» Task brief
A verbatim copy of the full data, with no pictures, is the expected answer.

» Dataset extract
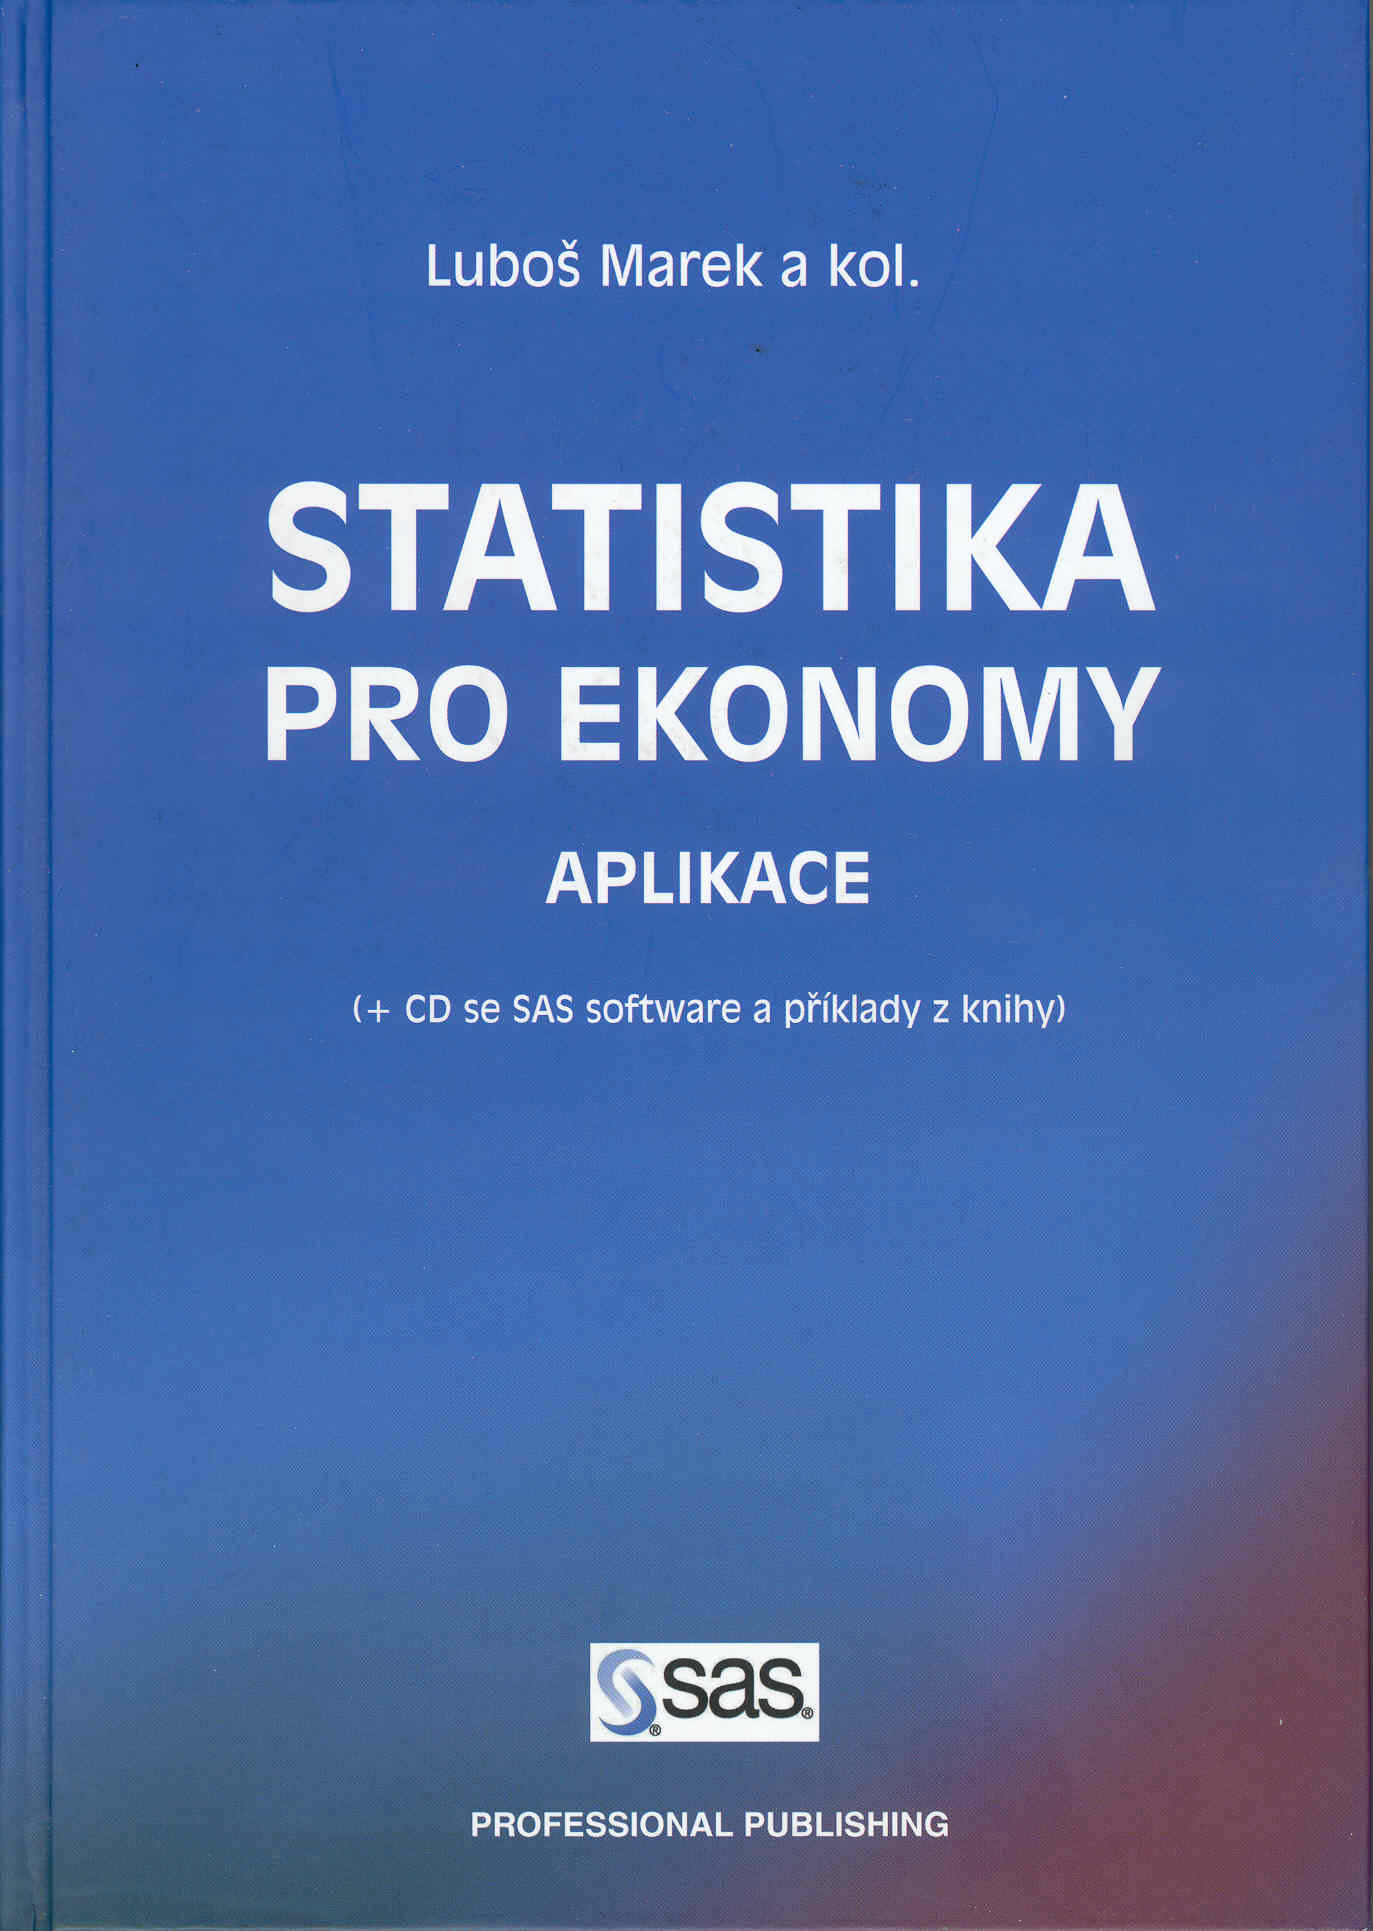 L. Marek a kol.: Statistika pro ekonomy, Aplikace
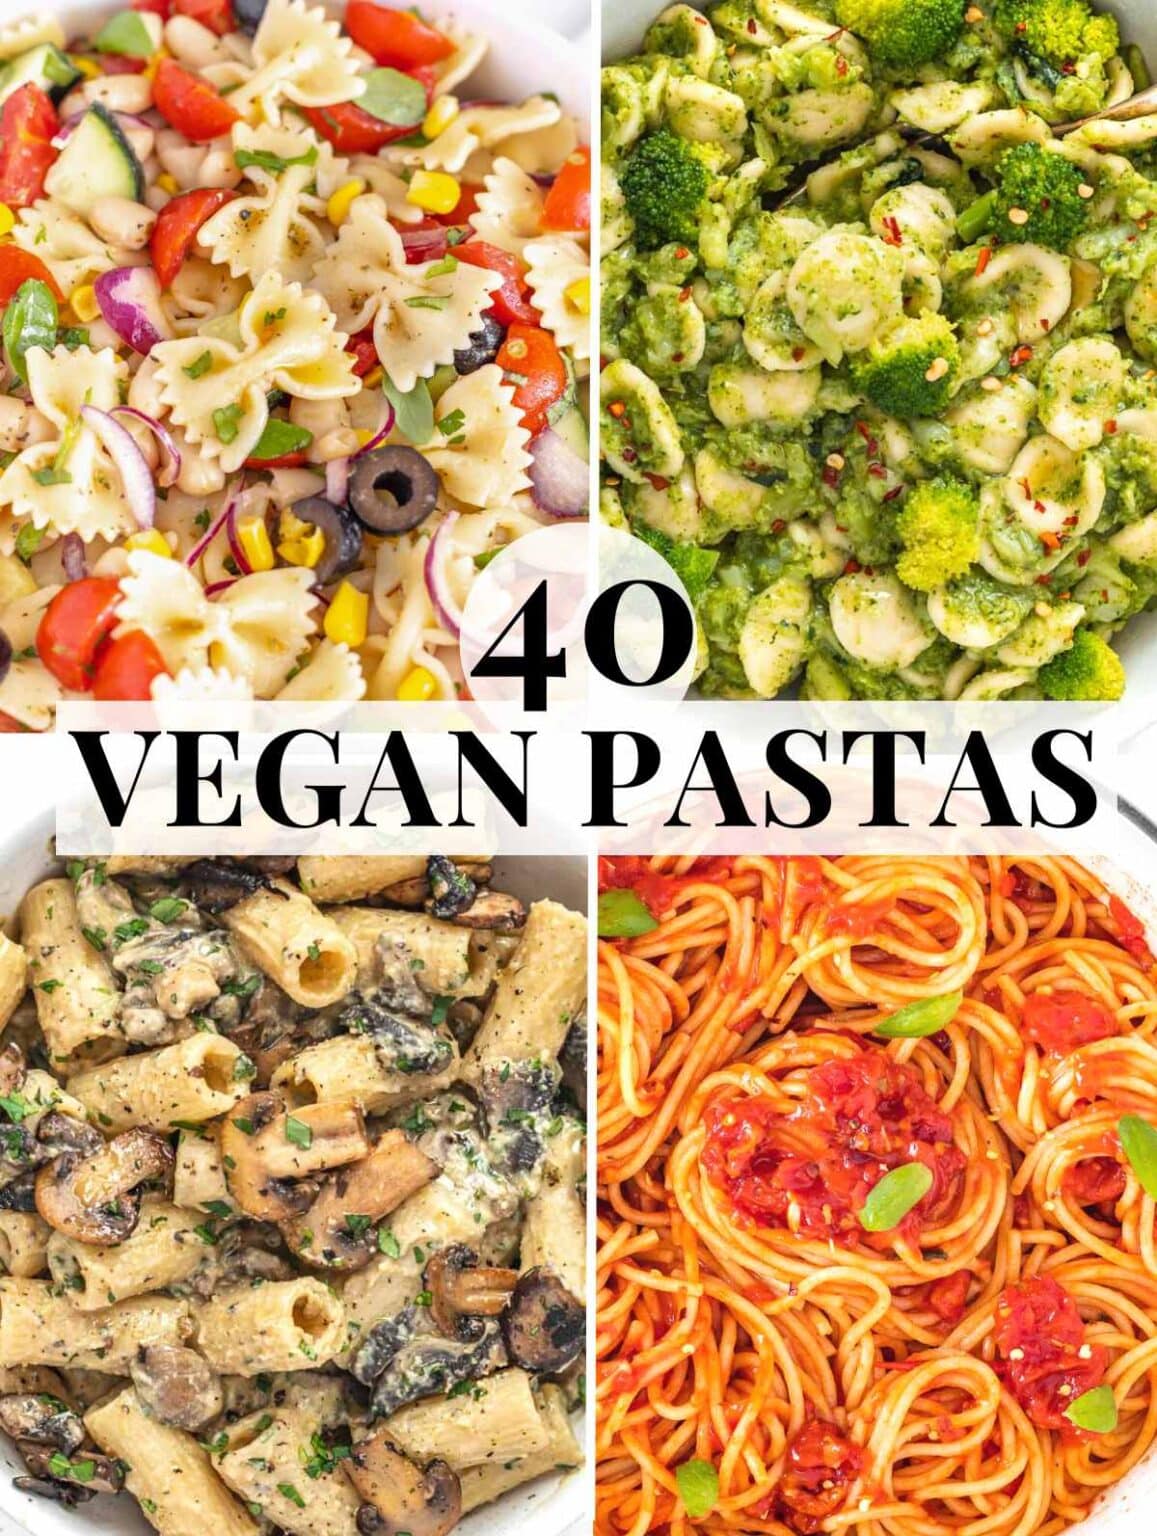 40 Vegan Pasta Recipes (Family-friendly) - The Plant Based School
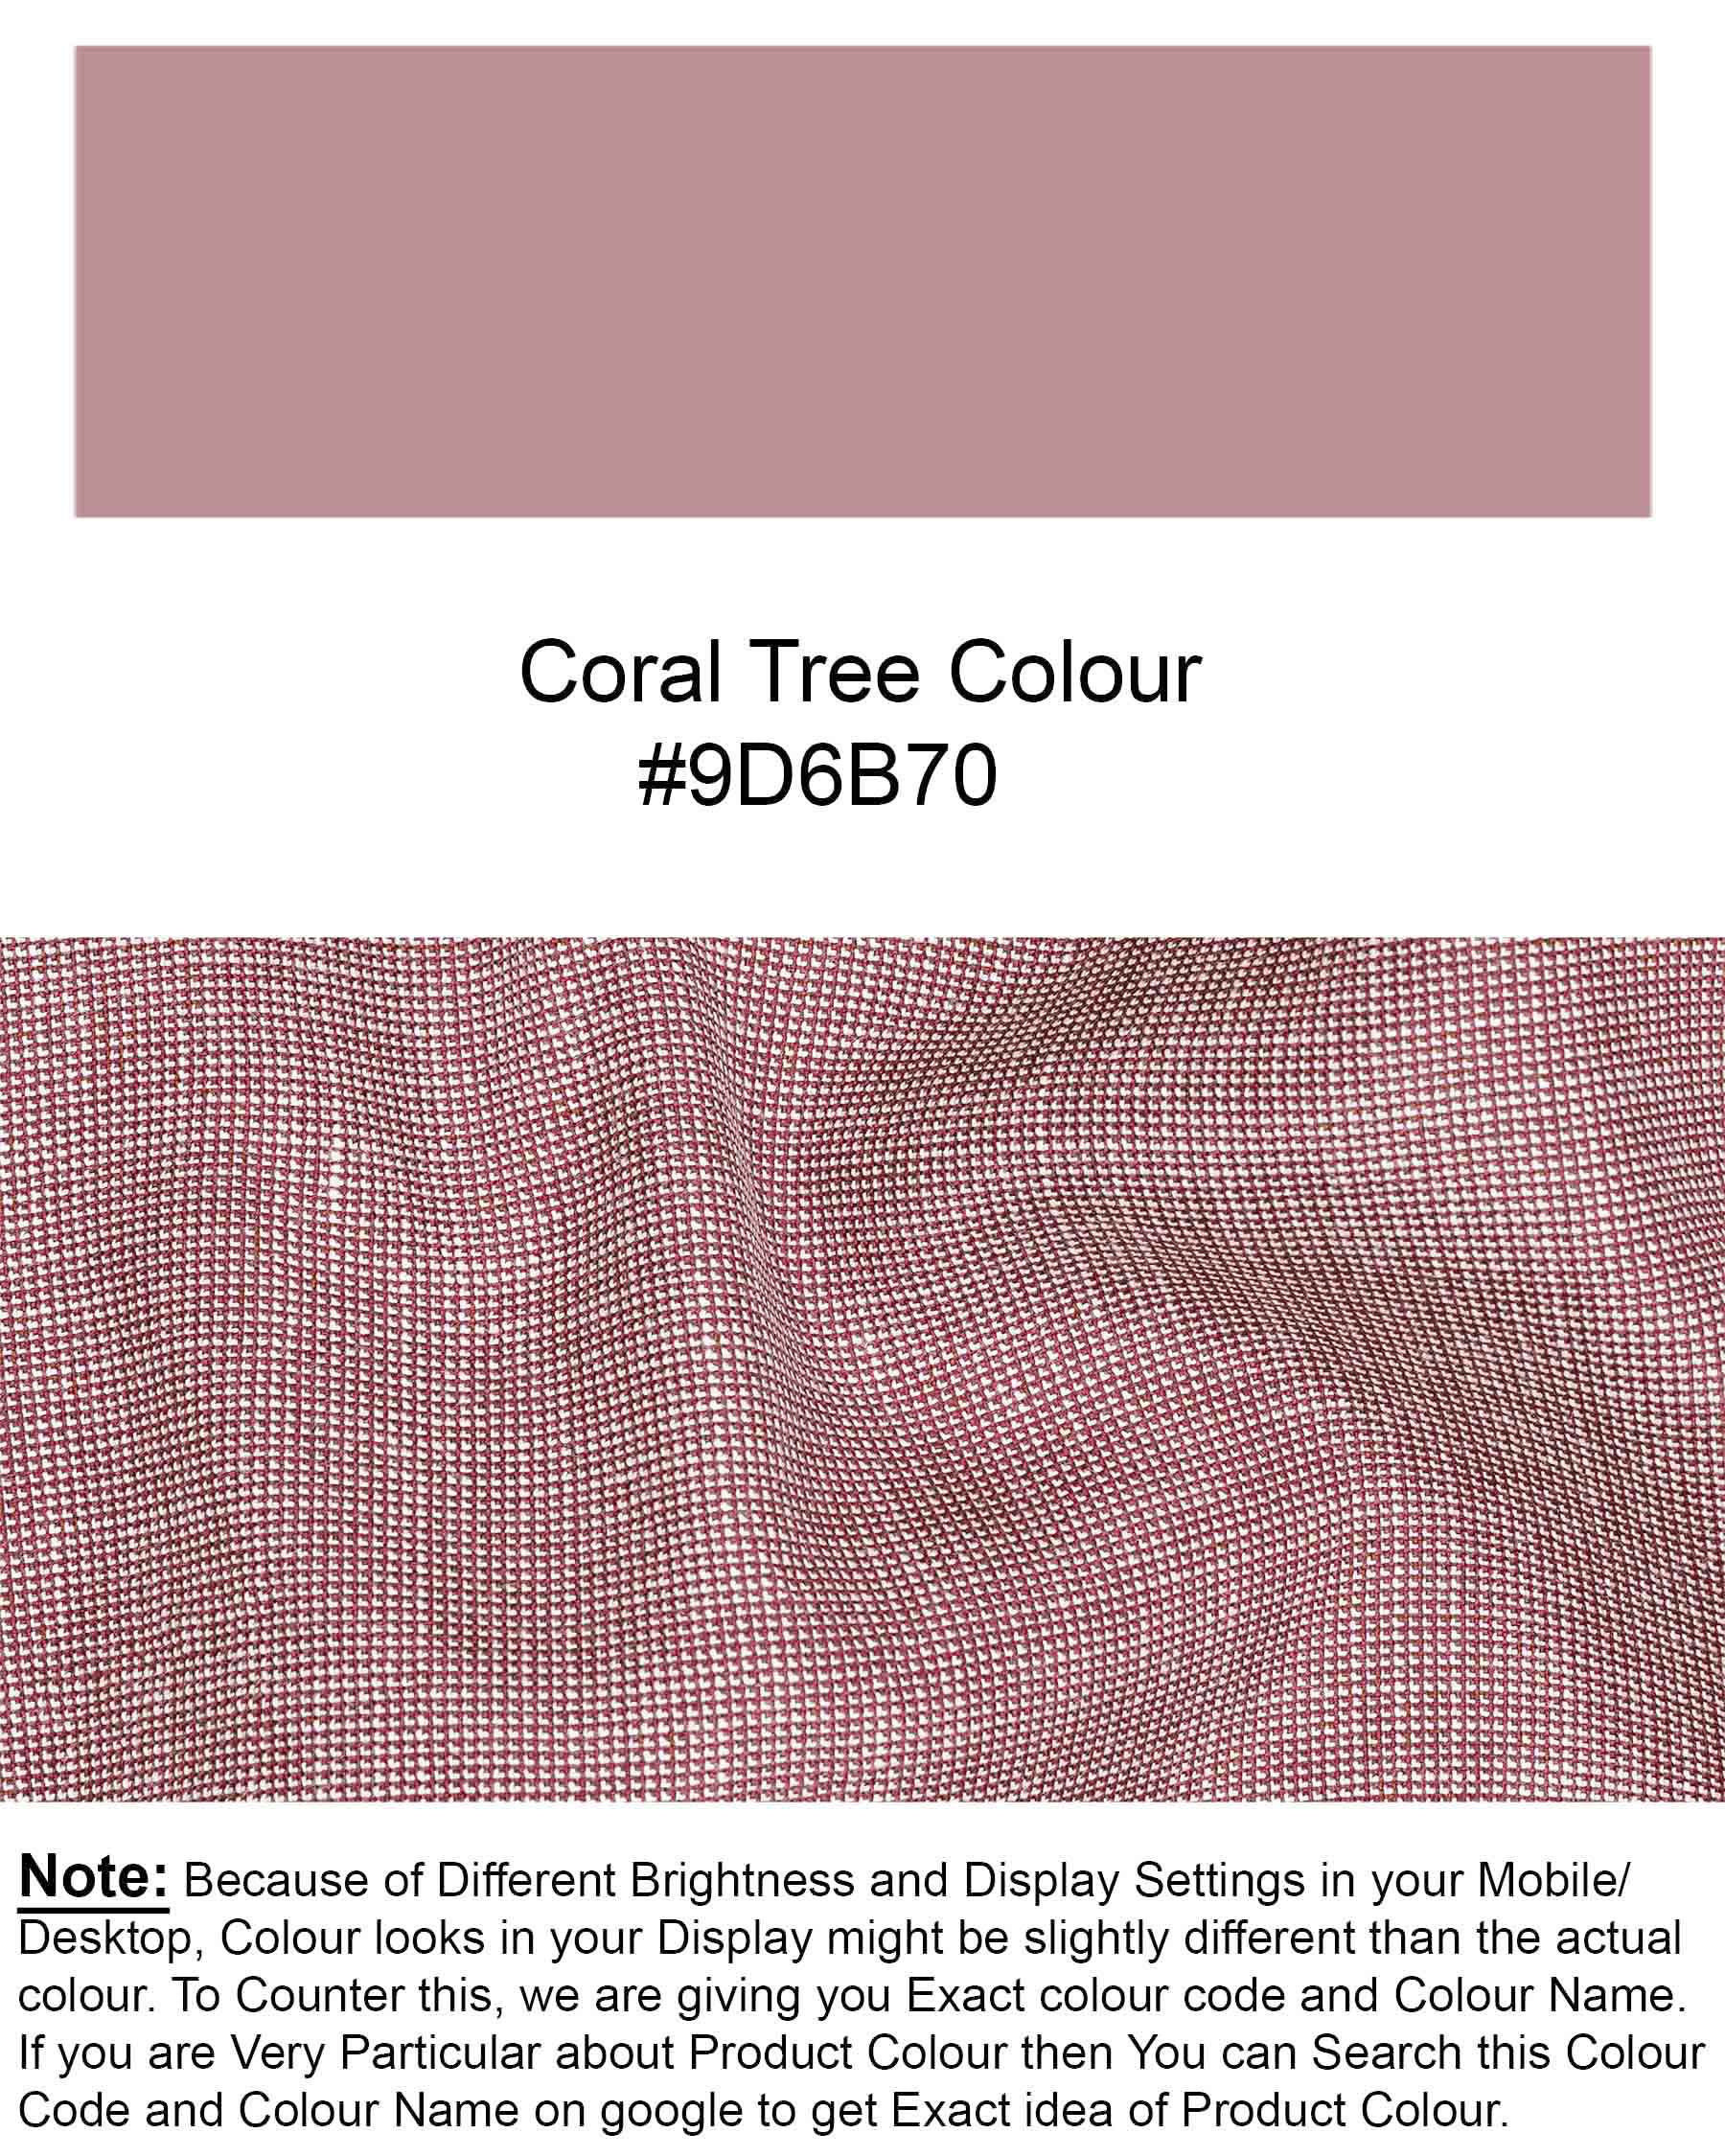 Coral Tree Red Single Breasted Blazer BL1915-SB-36,BL1915-SB-38,BL1915-SB-40,BL1915-SB-42,BL1915-SB-44,BL1915-SB-46,BL1915-SB-48,BL1915-SB-50,BL1915-SB-52,BL1915-SB-54,BL1915-SB-56,BL1915-SB-58,BL1915-SB-60

» Reply
 L. Marek a kol.: Statistika pro ekonomy, Aplikace
 40 Vegan Pasta Recipes (Family-friendly) - The Plant Based School
 Coral Tree Red Single Breasted Blazer BL1915-SB-36,BL1915-SB-38,BL1915-SB-40,BL1915-SB-42,BL1915-SB-44,BL1915-SB-46,BL1915-SB-48,BL1915-SB-50,BL1915-SB-52,BL1915-SB-54,BL1915-SB-56,BL1915-SB-58,BL1915-SB-60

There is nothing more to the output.